# What type of offspring can a lutino female and Whiteface grey male have?



## Winningsoul (Oct 27, 2020)




----------



## tielfan (Aug 31, 2008)

If the parents have no splits, all the babies will be normal grey split to whiteface, and the boys will also be split to lutino. But if the parents have splits then just about anything can happen. Most cockatiels are split to at least some of the common mutations, so you'll have to wait and see what you get in the nestbox.

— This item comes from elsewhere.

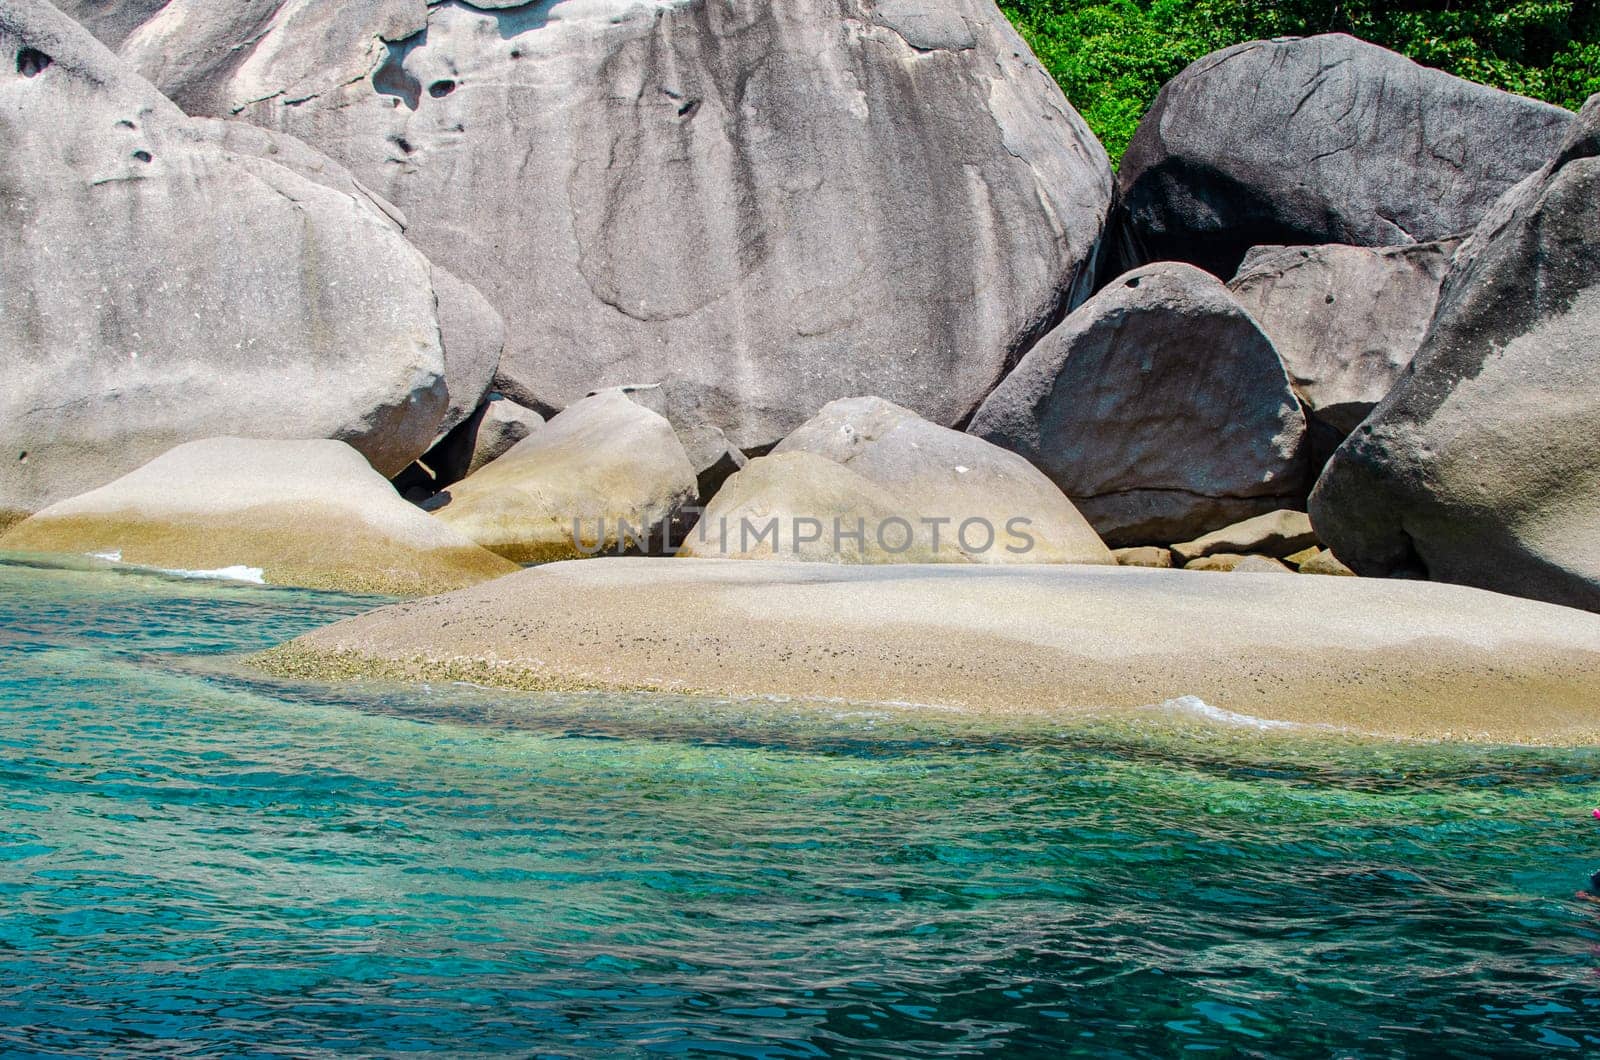 Rocks and stone beach Similan Islands with famous Sail Rock, Phang Nga Thailand nature landscape.

The picture shows a lot of brownish coloring on your lutino hen, which might be shadows or a camera artifact. But if she really does have some brownish color (especially on the flight feathers and tail), it's a sign that she is cinnamon lutino.


----------



## Winningsoul (Oct 27, 2020)

Oh, thank you. It's the bad lighting. Someone else told me that it's not a good idea to let them breed. I don't know if they're right. I remember that lutinos should not be bred with lutinos, split to lutino, or albino. I think this pairing is alright but try as I might I cannot find more information on a whiteface bred to a lutino.


----------



## Daytontiel (Feb 24, 2019)

Your lutino female has irregular cheek patch edge, a possible indicator of split to whiteface. I think you have chance to get some whiteface babies from this pair.


----------



## Winningsoul (Oct 27, 2020)

Thank you


----------